As the pandemic and resulting economic collapse have gouged a $650 million hole in the fiscal 2021 budget, the mayor and City Council are busy cutting spending, and postponing projects to improve quality of life. That raises a question about whether now is the right moment to embark on an ambitious government data project?
“It’s always the right time to try to do something that would be such a big push for transparency,” Rhynhart says. “There is an argument that can be made that increased transparency is needed more than ever when there’s a crisis, when there is a budget shortfall, because every dollar needs to be spent the best way possible.”
But of course resources are more constrained today than they were a year ago, and Rhynhart says she is still talking with staff about the timing and cost of building an open checkbook.

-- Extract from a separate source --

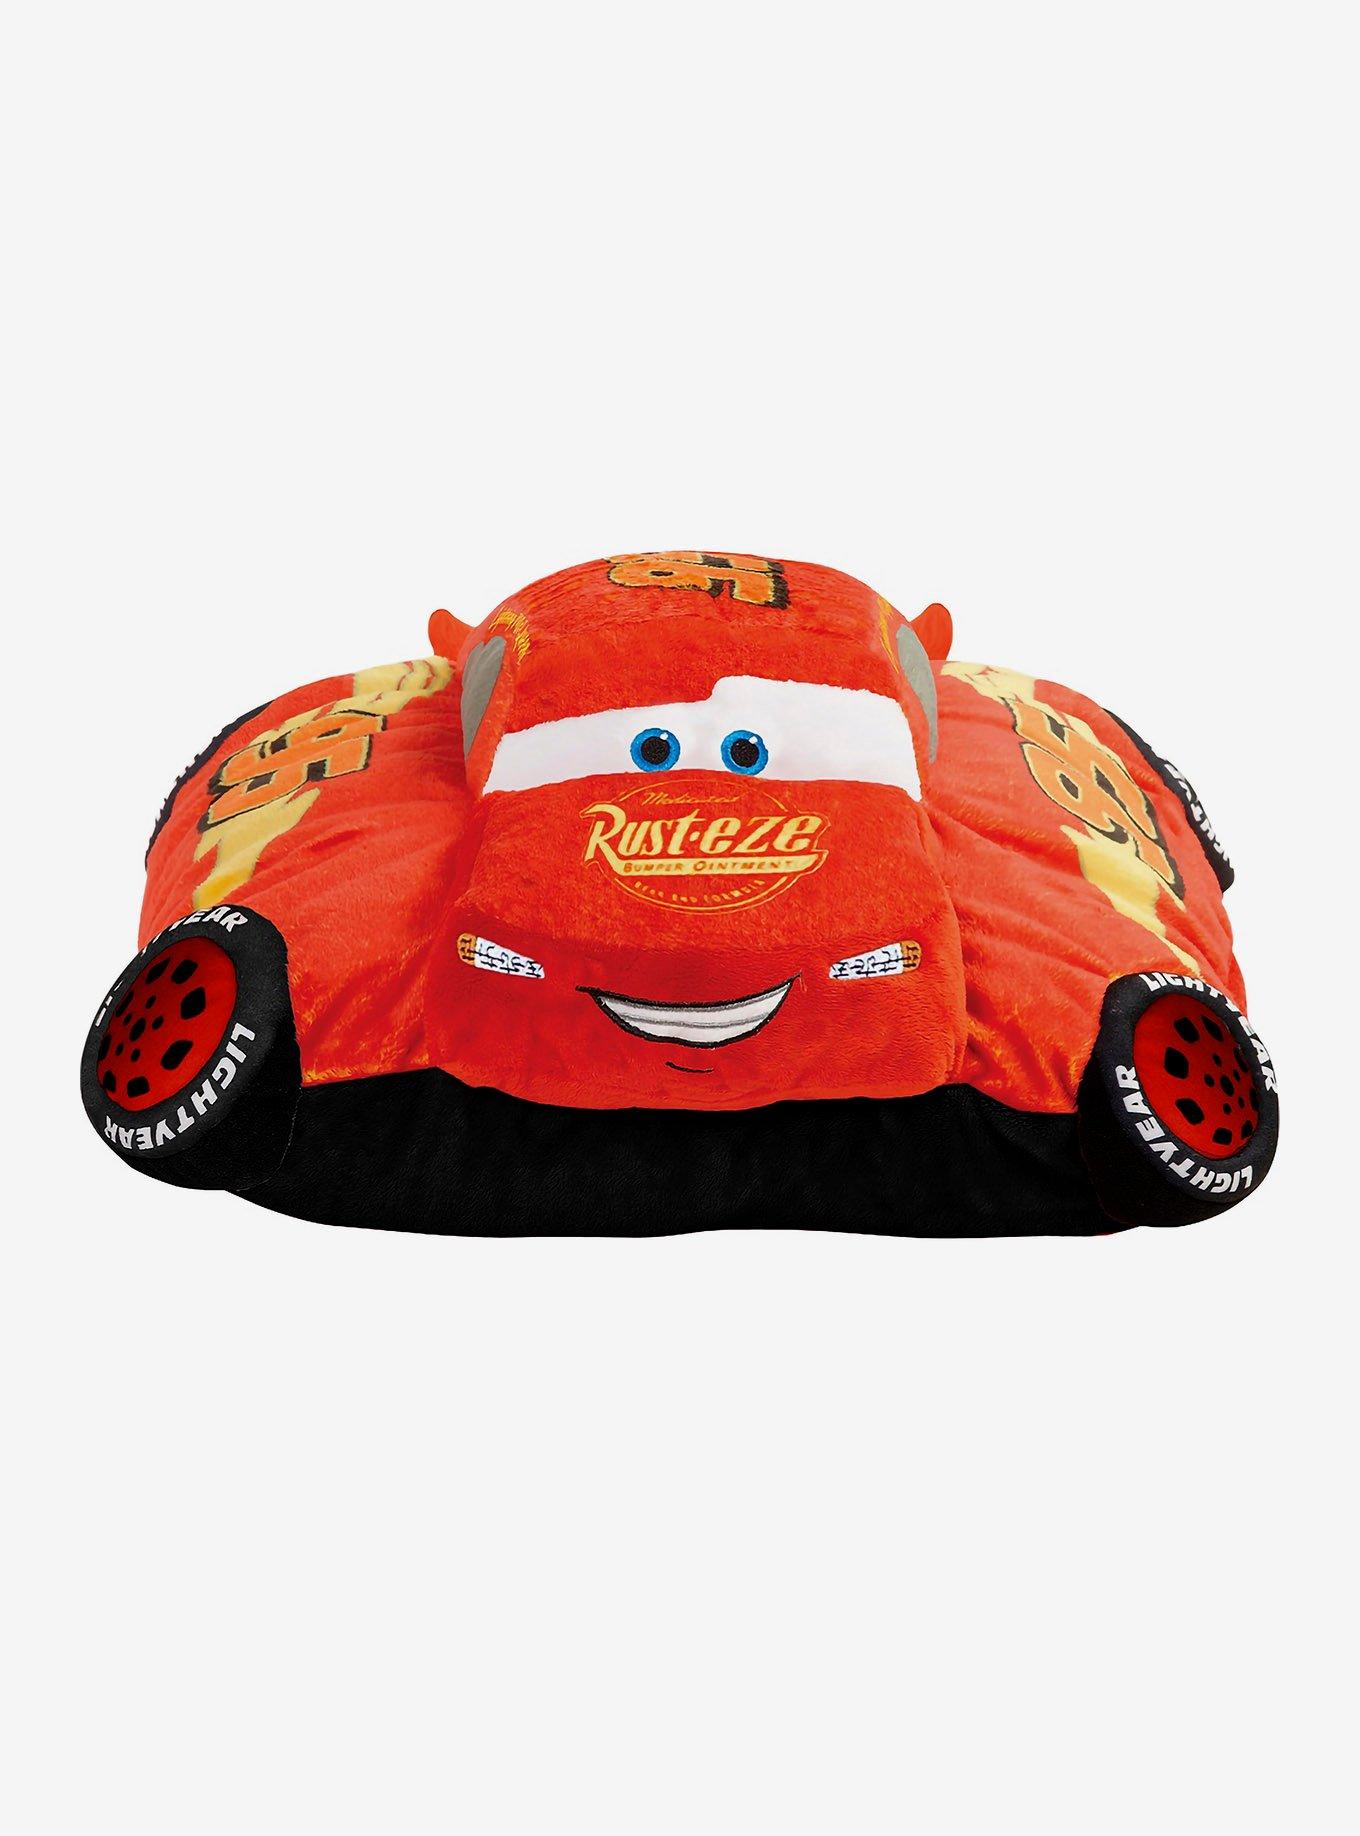 Disney Pixar Cars Pillow Pets Lightning McQueen Plush Toy, , alternate

She declined to give an estimate of what the project would cost at this early stage, but within about six months she said she should have an answer to those questions.
The public accountability that an open checkbook would provide is arguably more necessary during a fiscal crisis for another reason as well. The mayor, under the City’s Charter, has the sole responsibility for ensuring the city does not slide into a deficit, and he is empowered to unilaterally reduce spending to prevent that from happening.
If the mayor chose not to announce those spending reductions, an open checkbook could provide a big signal that he has reduced or eliminated funding in some area. It is not only fiscal hawks who benefit from transparency.
Modern history is littered with examples of government agencies forking over huge sums for computer programming projects that wind up failing spectacularly. The numerous problems with the websites facilitating the Affordable Care Act seven years ago are some of the most high-profile examples of that, but the phenomenon is unfortunately more widespread.
If Rhynhart succeeds in opening up a window on Philly finances, people might not be happy with what they see, but that’s not necessarily a reason to avoid doing it.
“People already know that government’s not perfect, OK. So let’s just be upfront and honest: This is what we’re spending it on,” Rhynhart says. “People get upset, then let’s fix it.”